The essential element of the Policy, its DNA, if you will, is the definition of Prohibited Conduct, Discrimination, and Discriminatory Harassment. These must be clear and sharp and unambiguous, so as to give Columbia students ample notice of what is expected of them. The Policy, as written, falls woefully short of this objective. For example, the definition of Discrimination states:

Treating individuals less favorably because of their actual or perceived membership in, or association with, a Protected Class, or having a neutral policy or practice e that has a disproportionate and unjustified adverse impact on actual and/or perceived members or associates of one Protected Class more than others, constitutes Discrimination. Discrimination includes treating an individual differently on the basis of their actual or perceived membership in, or association with, a Protected Class in the context of an educational program or activity without a legitimate, nondiscriminatory reason so as to deny or limit the ability of the individual to participate in or benefit from Columbia’s services, activities, or privileges.[30]

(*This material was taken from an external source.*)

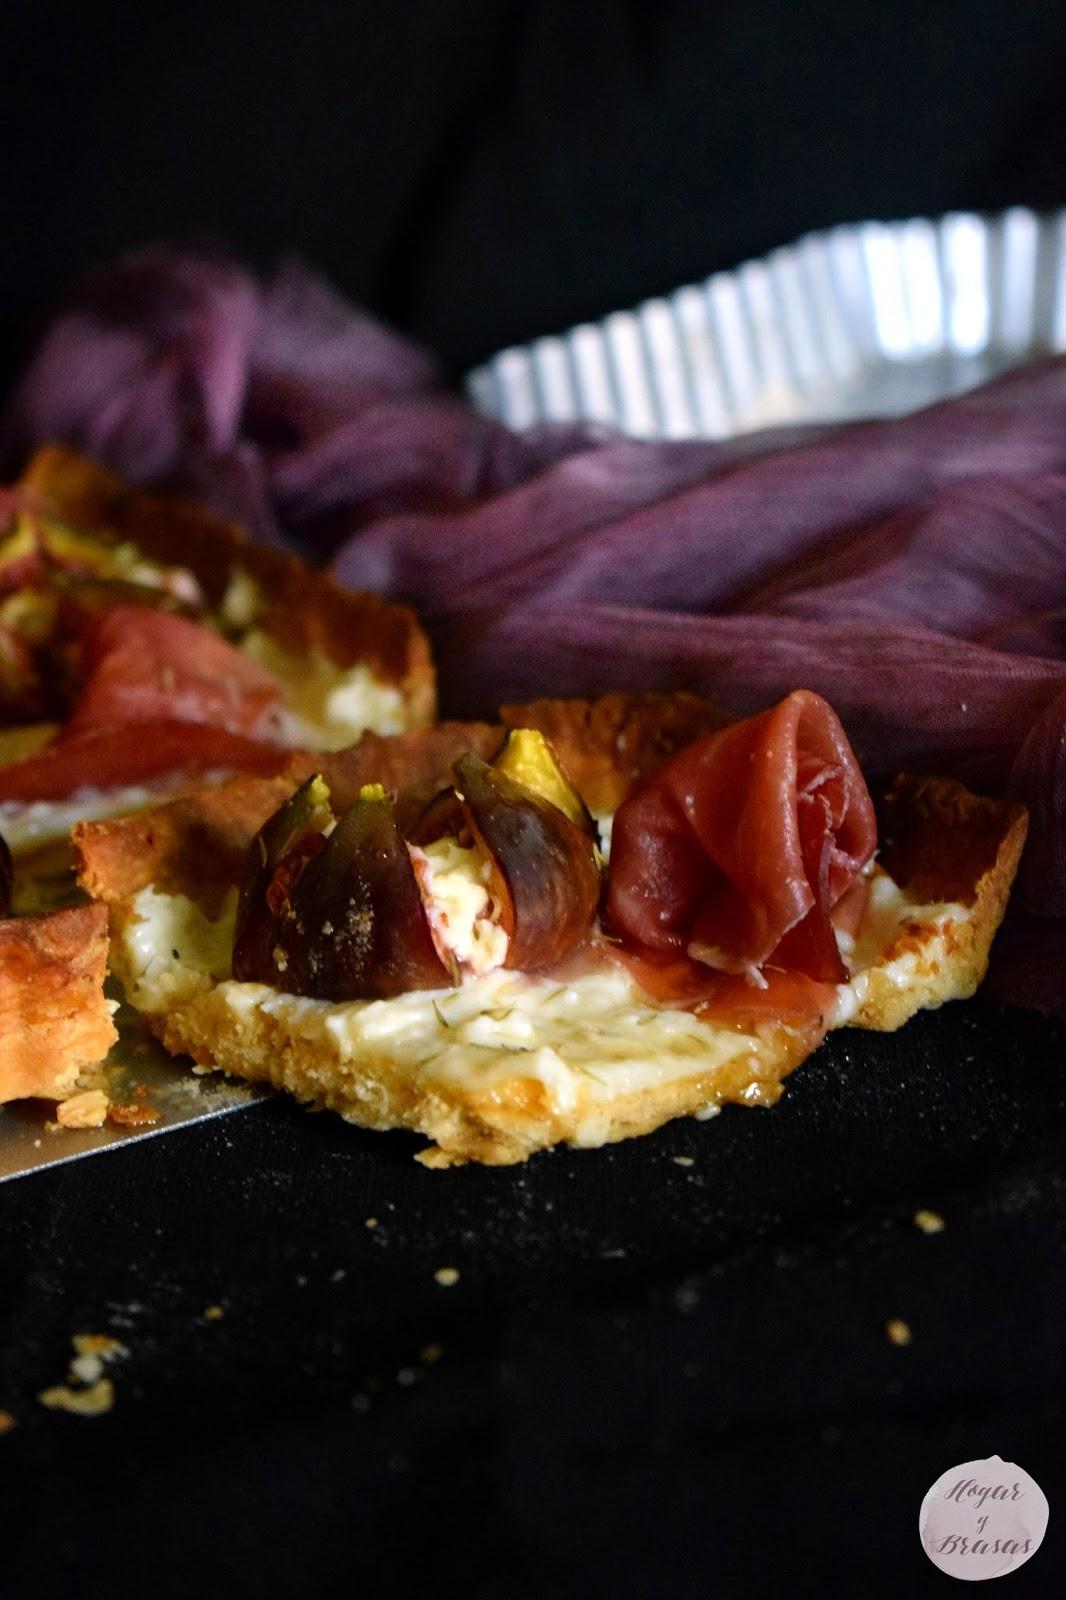 Tarta con masa Sablé con piñones cubierta de quesos e higos frescos bañada con miel.

“Treating individuals less favorably” could range from the petty to the profound. I don’t choose to hang out with you because of your nationality is far different than I won’t sit in the same class with you. Both could be considered treating someone less favorably. But are both covered; are either? Even within the same section, two standards are referenced- one is treat ‘less favorably’, the other is treat ‘differently’. There is overlap between the two, but surely, they are not the same. Which is the standard?

Another example from the Discriminatory Harassment definition: “Subjecting an individual to unwelcome conduct, whether verbal or physical”. How is a speaker to know a comment is unwelcome before it is uttered? A classroom discussion on Israeli policy spills into the hallway after class. This type of continued engagement would normally be applauded at a university, but it also could be ‘unwelcome’ in the hallway even if perfectly appropriate in the classroom.

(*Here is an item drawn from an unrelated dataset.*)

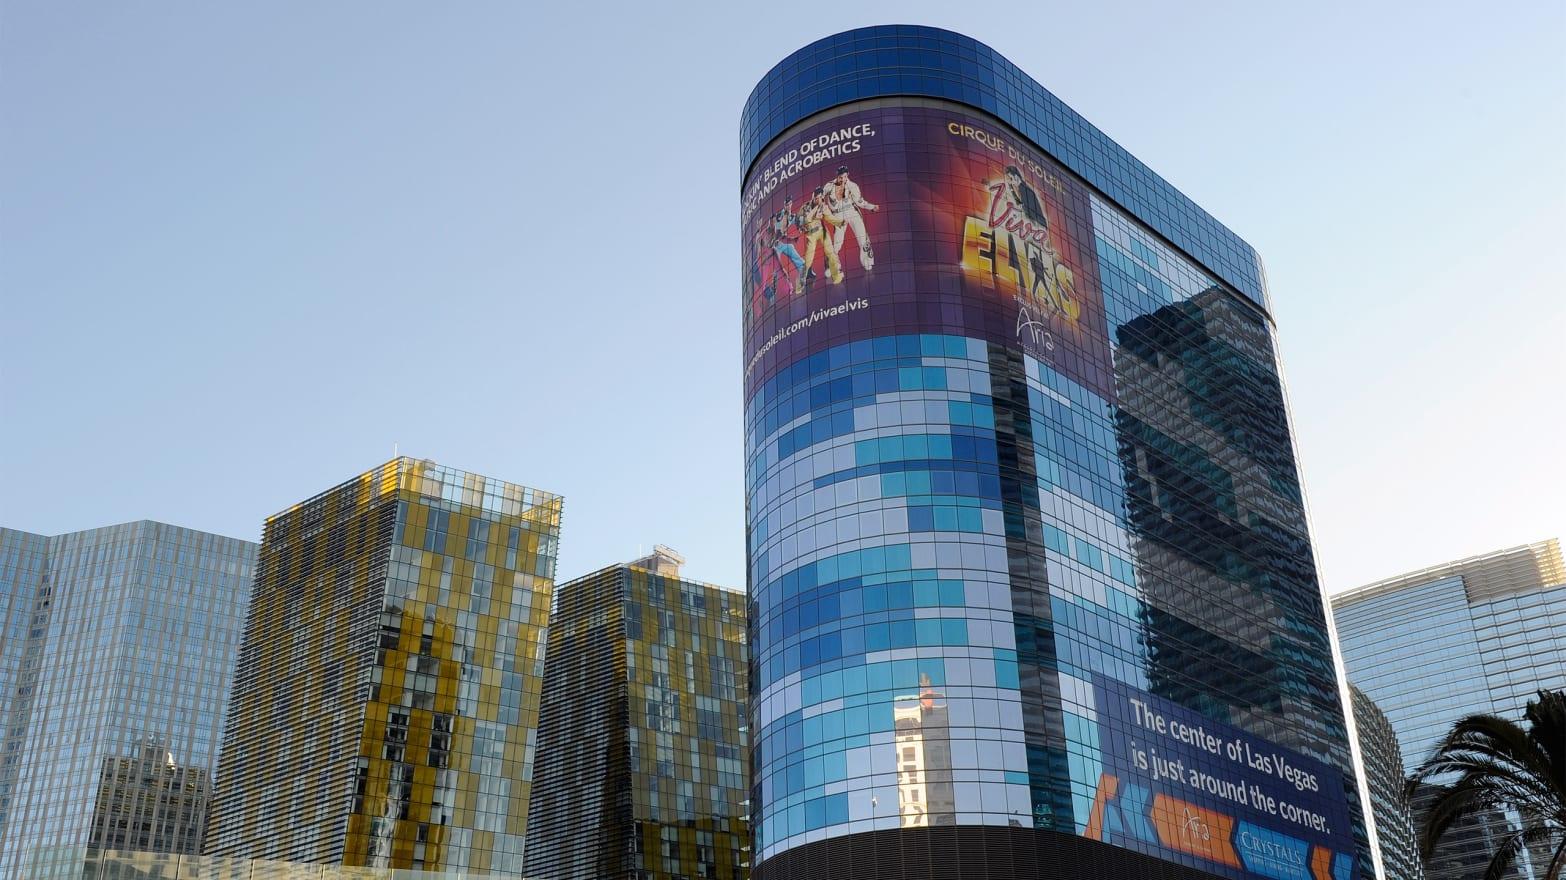 Las Vegas' Incredible Shrinking Tower

The Policy under which the University threatens discipline of Layla Saliba seeks to serve two masters and, in the end, serves neither well. In order to appease the likes of Stefanik and Trump the Policy seeks to discipline those who would question and criticize Israel’s relentless assault on Gaza. Yet, true to its historical pathology, in the same document Columbia seeks to maintain the myth that it is a champion of academic freedom. What results is a mass of contradiction that defies interpretation. A glaring example is the Policy’s savings clause: “Nothing in this policy may be construed to abridge academic freedom principles of free speech or the University’s educational mission.” The explanatory footnote however states, “the fact that the Prohibited Conduct includes speech in a public setting or speech that is also motivated by political or religious beliefs does not relieve the University of its obligations to respond if the Prohibited Conduct creates a hostile environment.”[31]

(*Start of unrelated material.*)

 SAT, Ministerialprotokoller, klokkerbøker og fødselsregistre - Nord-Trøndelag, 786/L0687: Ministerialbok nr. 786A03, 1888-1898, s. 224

The clause states academic freedom and expression are sacrosanct, i.e. “Nothing in the policy may be construed” yet the explanatory footnote strongly suggests that everything in the Policy can be construed to trump academic inquiry and expression. The Policy is clearly a limitation on academic freedom and expression. As long as Columbia pretends it is not, the Policy will elude understanding and fair application.

The Policy creates a strict dichotomy- either speech thought to be offensive by at least one person on campus is Prohibited Conduct or it is an expression of academic freedom and inquiry. The dichotomy may be strict but the line between a spirited academic debate and an expellable offense is far from clear. Indeed, by its very terms, the Policy states that the line will be determined on a ‘case by case’ basis. Violation of disciplinary rules, like criminal laws, can result in the loss of property, opportunity, and sometimes, liberty. Because of this, Columbia’s disciplinary rules must give students notice of two things: what conduct (in this case, speech) is prohibited and what are the consequences for engaging in

Prohibited Conduct. The Policy neither defines what is prohibited nor does it clearly state the consequences for engaging in Prohibited Conduct. It was not sloppy or lazy drafting-- it was an impossible task from the outset. Prohibiting speech that makes others uncomfortable simply cannot be reconciled with any working notion of academic freedom.

The drafters of the Policy have forgotten or ignored the writings of the great legal thinker molded at Columbia Law School 100 years ago, William O Douglas. Having served 37 years on the Supreme Court, Justice Douglas wrote hundreds of opinions, but the following is especially applicable to this case:

a function of free speech under our system of government is to invite dispute. It may indeed best serve its high purpose when it induces a condition of unrest, creates dissatisfaction with conditions as they are, or even stirs people to anger. Speech is often provocative and challenging. It may strike at prejudices and preconceptions and have profound unsettling effects as it presses for acceptance of an idea. That is why freedom of speech, though not absolute, is nevertheless protected against censorship or punishment, unless shown likely to produce a clear and present danger of a serious substantive evil that rises far above public inconvenience, annoyance, or unrest. Terminiello v. City of Chicago, 337 U.S. 1,4(1949) (internal citation omitted).[32]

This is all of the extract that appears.